Oh, I’m sure Dirigo still competes harder than anyone on its schedule. That ethos is difficult to erase. But wins and titles are tougher to come by, a reality hastened by the recent, unfortunate decision to de-fund all sports beneath the varsity level.

Participation, already diminished by the trend of families having fewer babies and/or relocating to where jobs are more plentiful and lucrative, has taken an immediate beating. If you’re not in the starting lineup, or at least the primary rotation, there is minimal incentive to stick with sports.

Nine years after its resurrected football program stomped everyone in its path to win a Class C state championship, Dirigo recently made the decision to fall into Class E. Which might as well be called “ER,” because it essentially means your program is on a respirator.

Magnusson knew the loss of this past year’s senior basketball class, combined with a dwindling bench after the slashing of his feeder system, put the program in similarly dire straits. And despite his valiant efforts to give underclass pastimers an avenue through private fundraising, baseball coach Ryan Palmer isn’t far from that rock-and-a-hard-place.

The next inevitable step is that it gets harder to keep good coaches. That trend is magnified by the thankless times in which we live.

Several telling sound bites were attributed to Magnusson in Randy Whitehouse’s outstanding account of his departure. While the coach cited his growing family and lengthy commute from work and home as major factors in the decision, he acknowledged that keeping the Cougars competitive without a JV program had become “almost impossible.”

Magnusson also felt that his reputation of “being a tough coach to play for” made it increasingly difficult to keep athletes engaged from freshman to senior year.

That’s perhaps the saddest part of all, because I remember a time – you know, way back in the dark ages of 2009 to 2012 – when Dirigo, its athletes and their families embraced discipline and put sports in their proper perspective. And none of that should be translated as “reduced emphasis,” by the way.

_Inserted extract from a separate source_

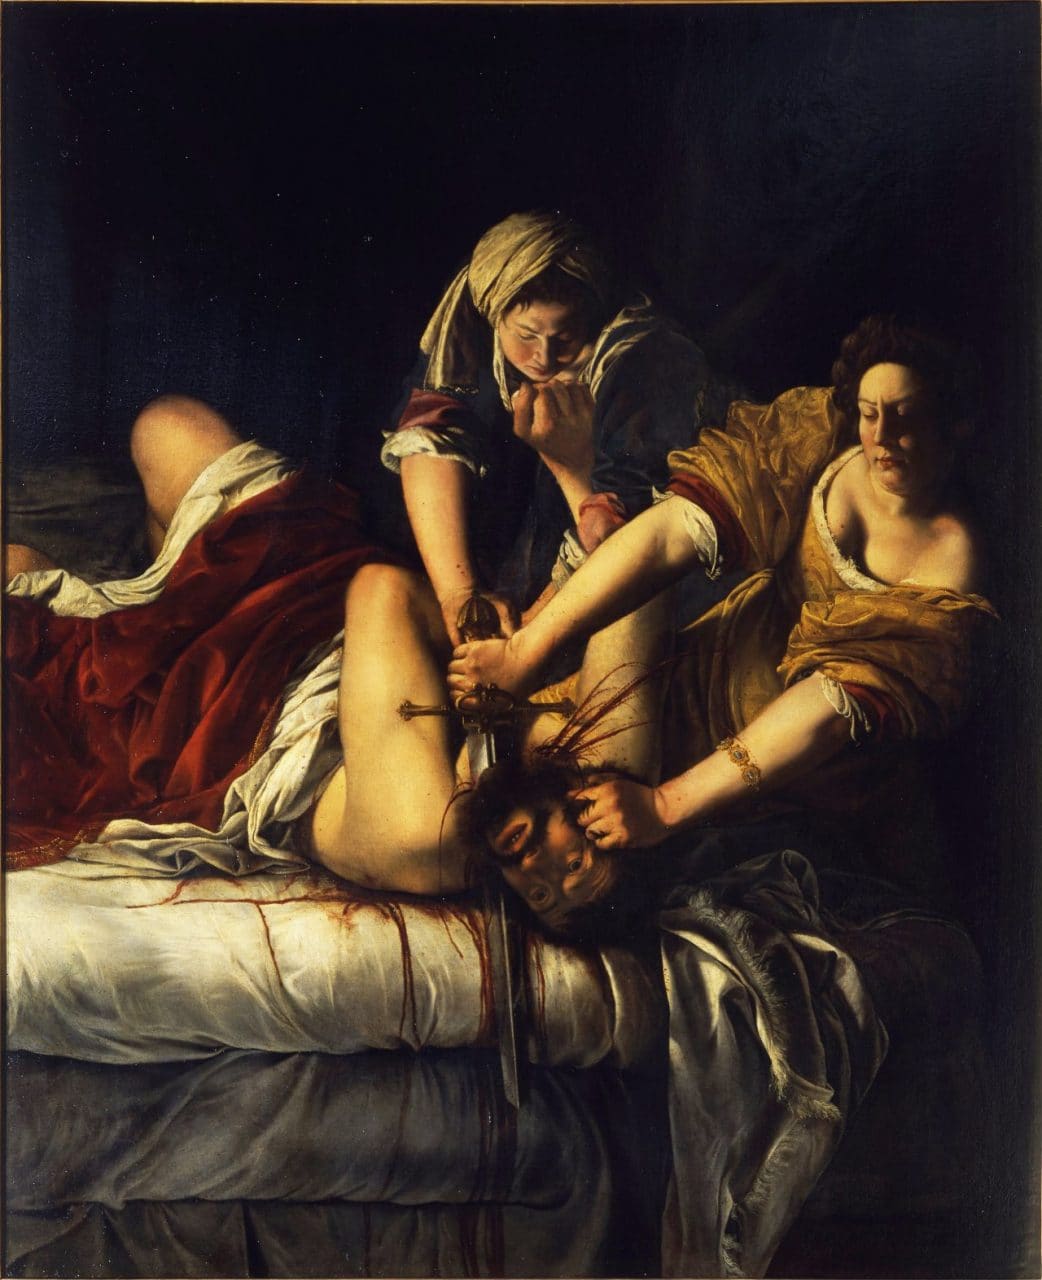 유디트와 홀로페르네스(Judith and Holofernes) - 아르테미시아 젠틸레스키(Artemisia Gentileschi), 1620

No bones about it: I cared about the young men who put together that title run as if they were my own sons. And I still follow their lives thanks to social media. One already has his doctorate. Others are becoming dentists, sailors or entrepreneurs. Clearly the community recognized in that era that sports and education are blood kin, not sworn enemies.

It’s soul-crushing to me that the next wave of Dirigo athletes won’t get the chance to taste that success and be coached by the absolute best. It is also a cautionary tale to the rest of us who crow about similar superlatives in other locales, be they in the 207 or elsewhere.

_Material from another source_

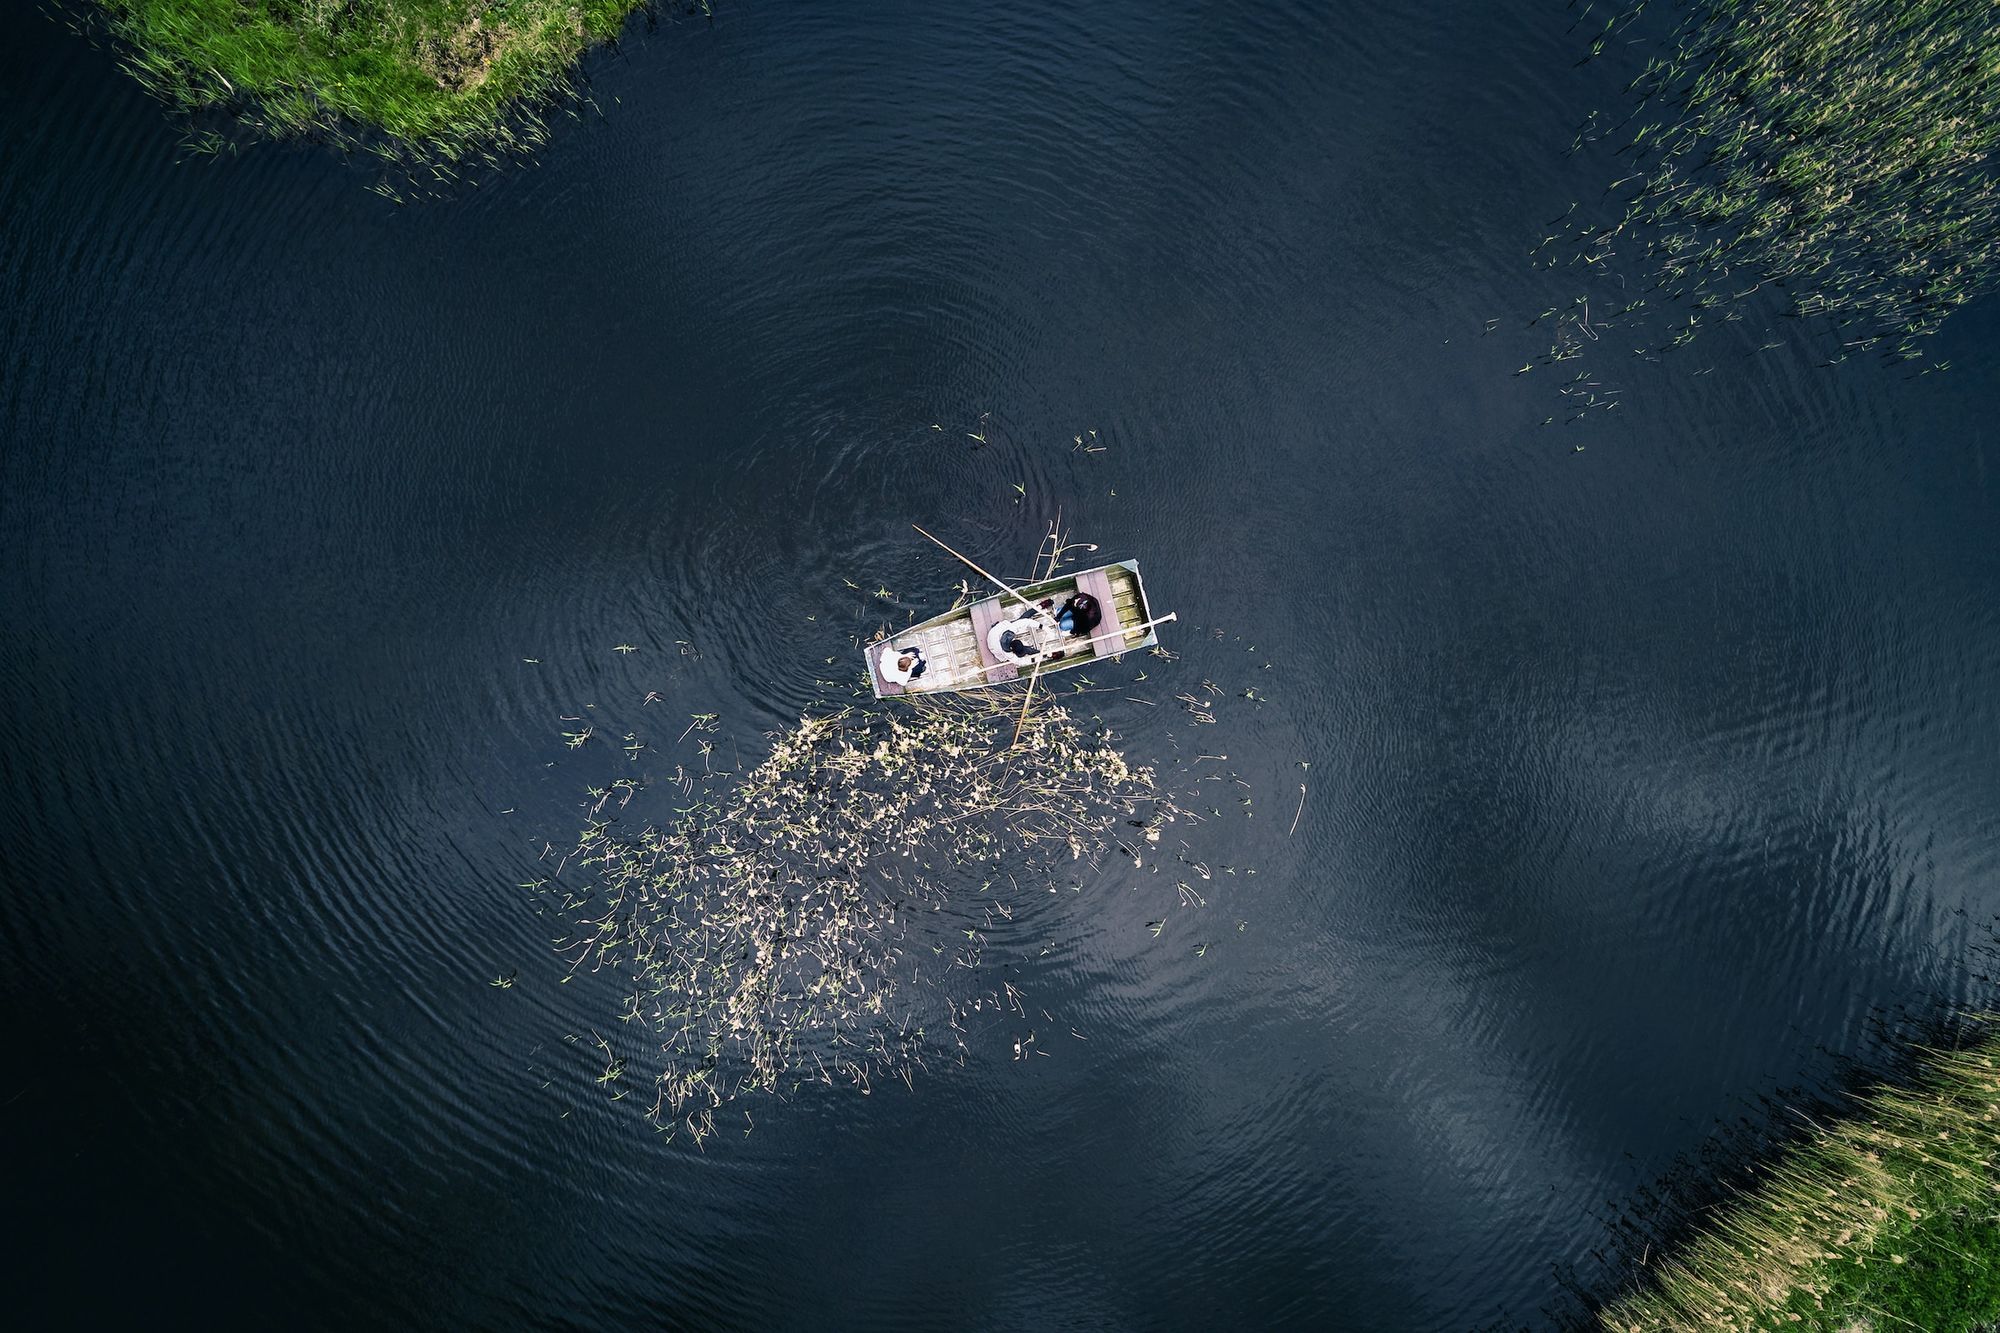 Ruderboot auf einem See

My full-time job today is covering high school sports in a community that I often describe as a cross between 2008 Dirigo and 2018 Scarborough. Scott County is the largest public school in Kentucky, and it wins in everything. Passion for sports is feverish. Conference and region titles are an expectation. The state championship, though harder to take home here without any enrollment or public/private distinctions, is always within reach.

The varsity football, boys’ basketball and girls’ basketball coaches have been in place for an average of 20-plus years. There is continuity and tradition, but there is also a “nouveau riche” aspect, thanks to the arrival of a Toyota manufacturing plant that changed everything in the 1990s.

Whenever I encounter somebody who is a little too self-assured about it all, I try to issue gentle reminders. Stay humble. Stay alert. Be ready to fight for what you know is essential. Quickly as you can snap your fingers, new administration, new voices, new socioeconomic realities, new influences and new philosophies of life can change the scenery.

I’ve seen it happen. I’ve seen Dirigo. And it hurts.

– Kalle Oakes spent 27 years in the Sun Journal sports department. He is now sports editor of the Georgetown (Kentucky) News-Graphic. Keep in touch with him by email at [email protected] or on Twitter @oaksie72.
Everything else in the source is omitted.